» TASK PROMPT
Repeat exactly what runs from the line containing "Abeja y flor" through the last line of the material below. Do not copy the pictures.

» DATASET EXTRACT
============
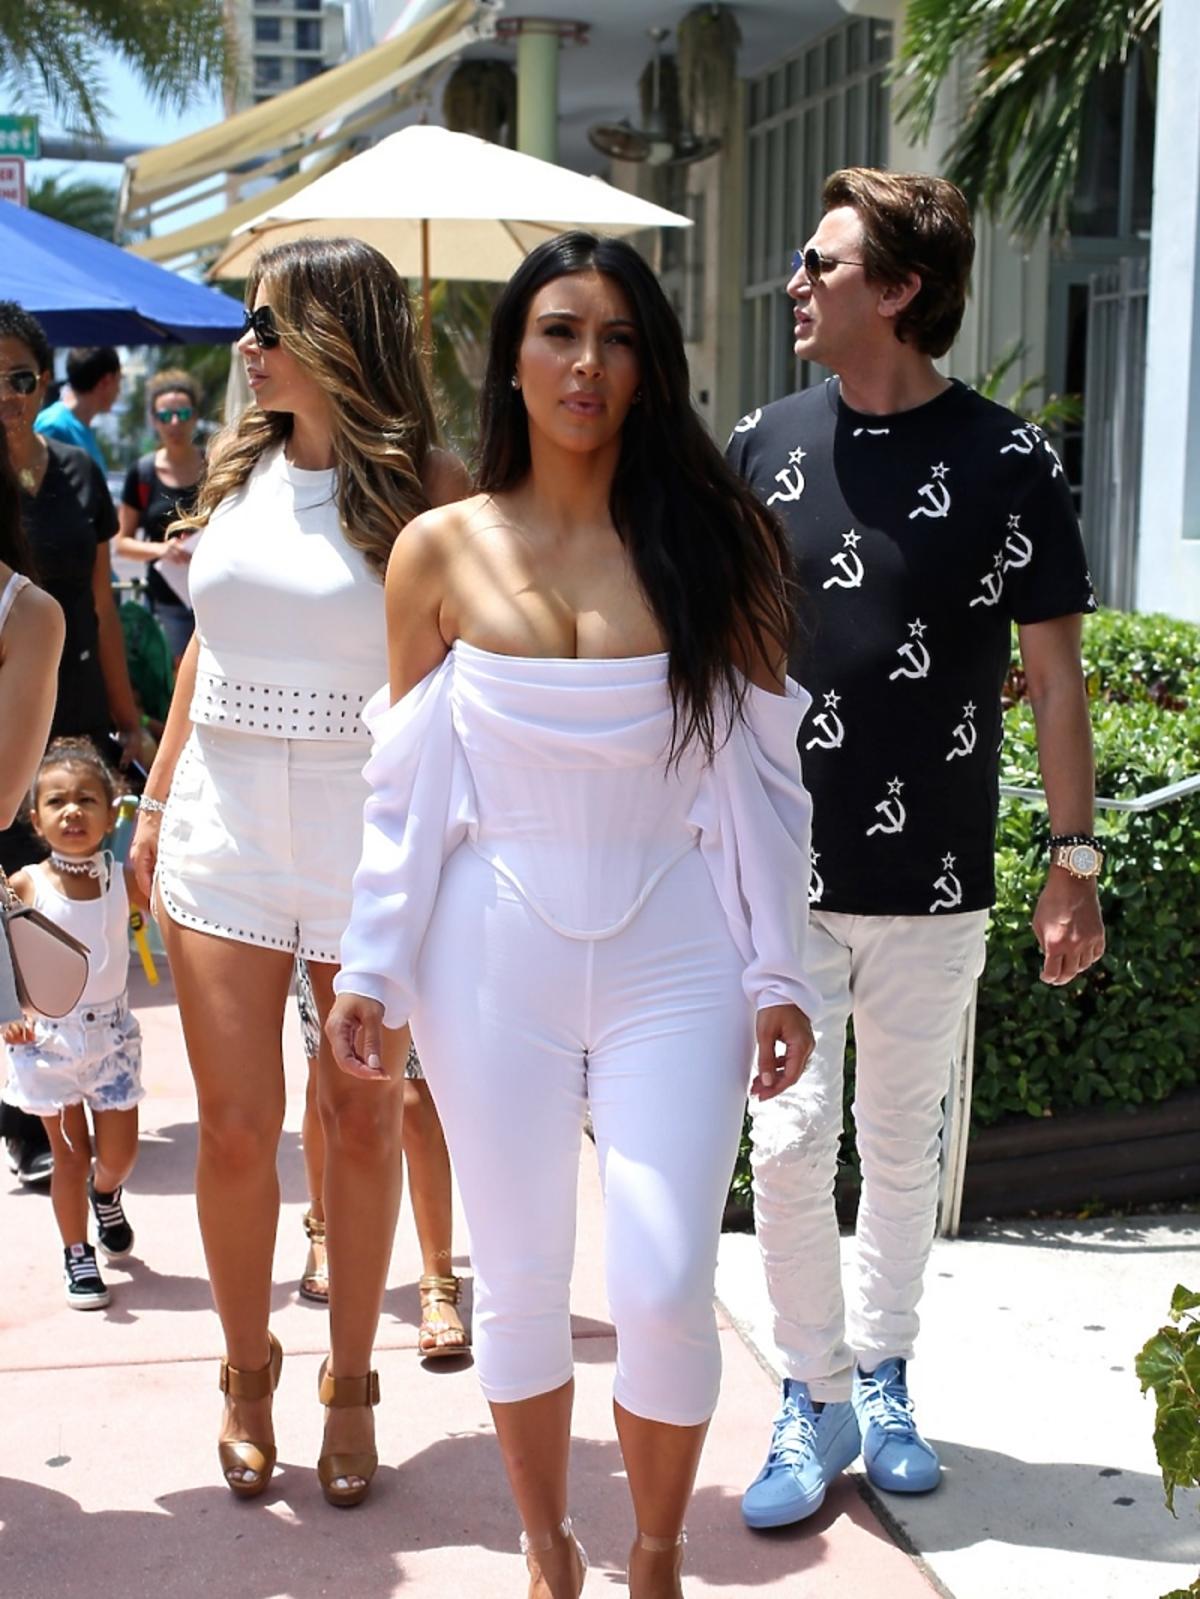 Biała stylizacja Kim Kardashian z za małą bluzką, ledwie mieszczącą obfity biust
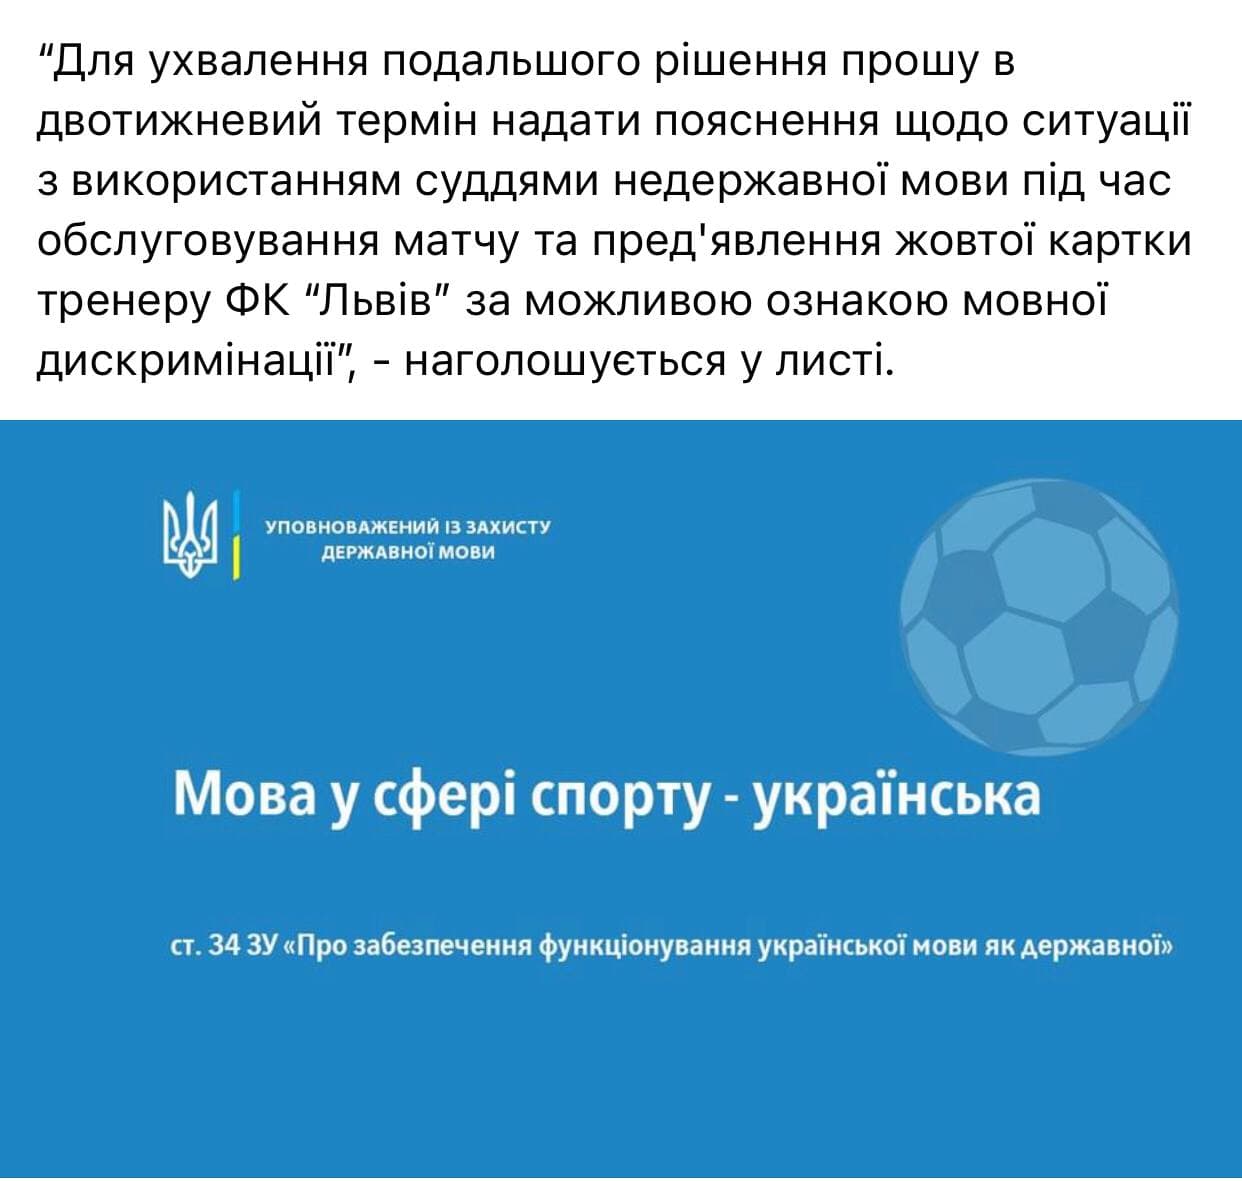 Языковой скандал в футболе – за наказанного тренера вступился омбудсмен. Источник: Facebook
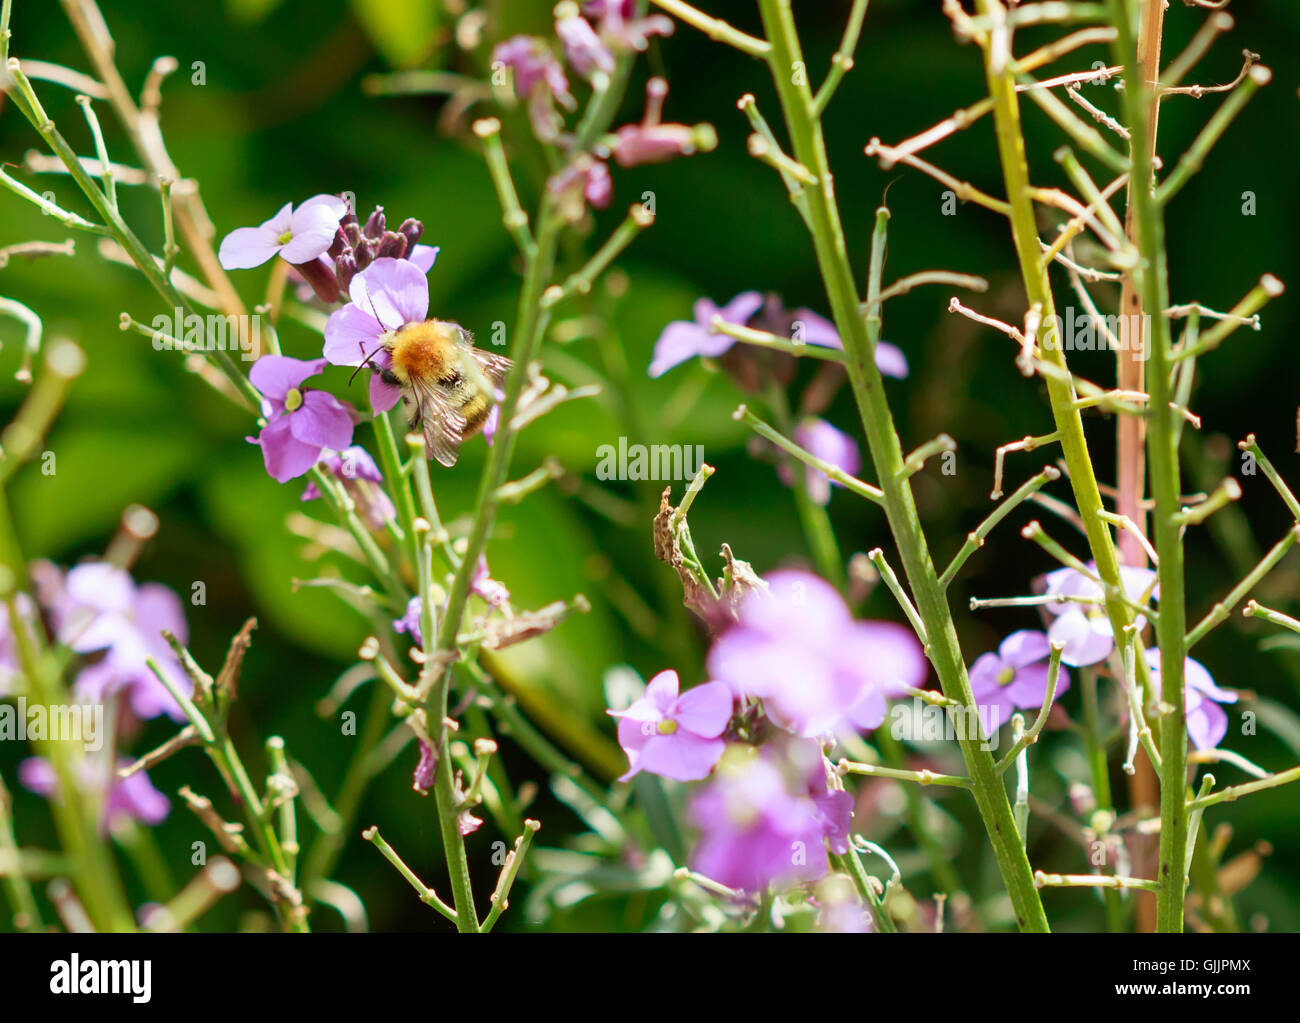 Abeja y flor de cerca la fotografía. Las abejas son insectos voladores estrechamente relacionadas con las avispas y hormigas Foto de stock
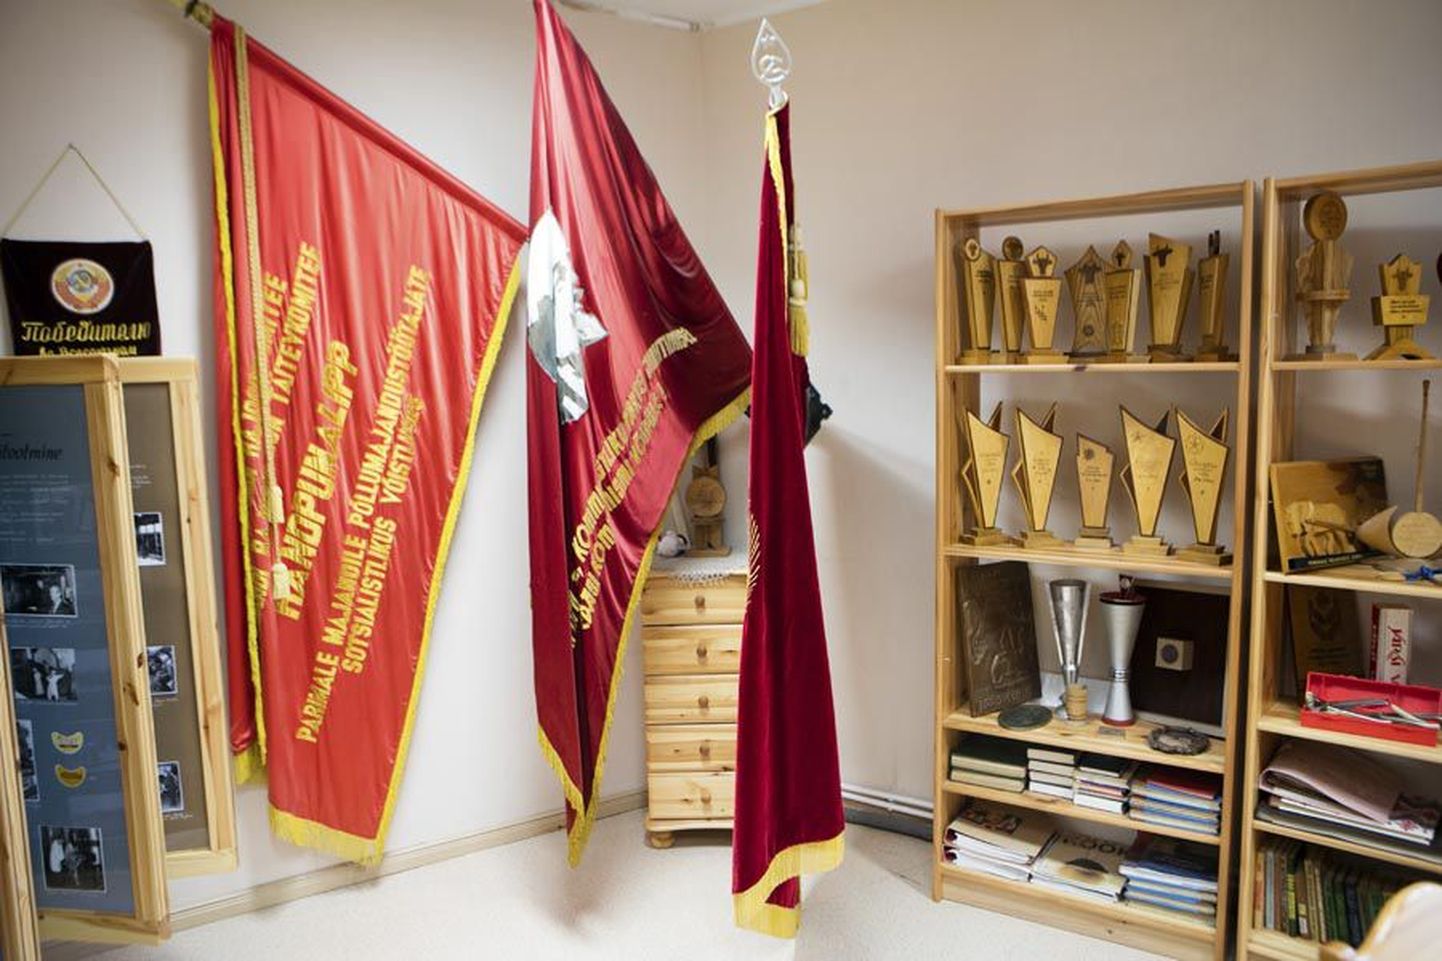 Karksi külamajas on nõukogudeaegsetele esemetele eraldi tuba. Ekspositsiooni selgroo moodustavad omaaegse Karksi kolhoosi lipud ja auhinnad.
============
» REPLY TO THE EXERCISE
 Abeja y flor de cerca la fotografía. Las abejas son insectos voladores estrechamente relacionadas con las avispas y hormigas Foto de stock
 Karksi külamajas on nõukogudeaegsetele esemetele eraldi tuba. Ekspositsiooni selgroo moodustavad omaaegse Karksi kolhoosi lipud ja auhinnad.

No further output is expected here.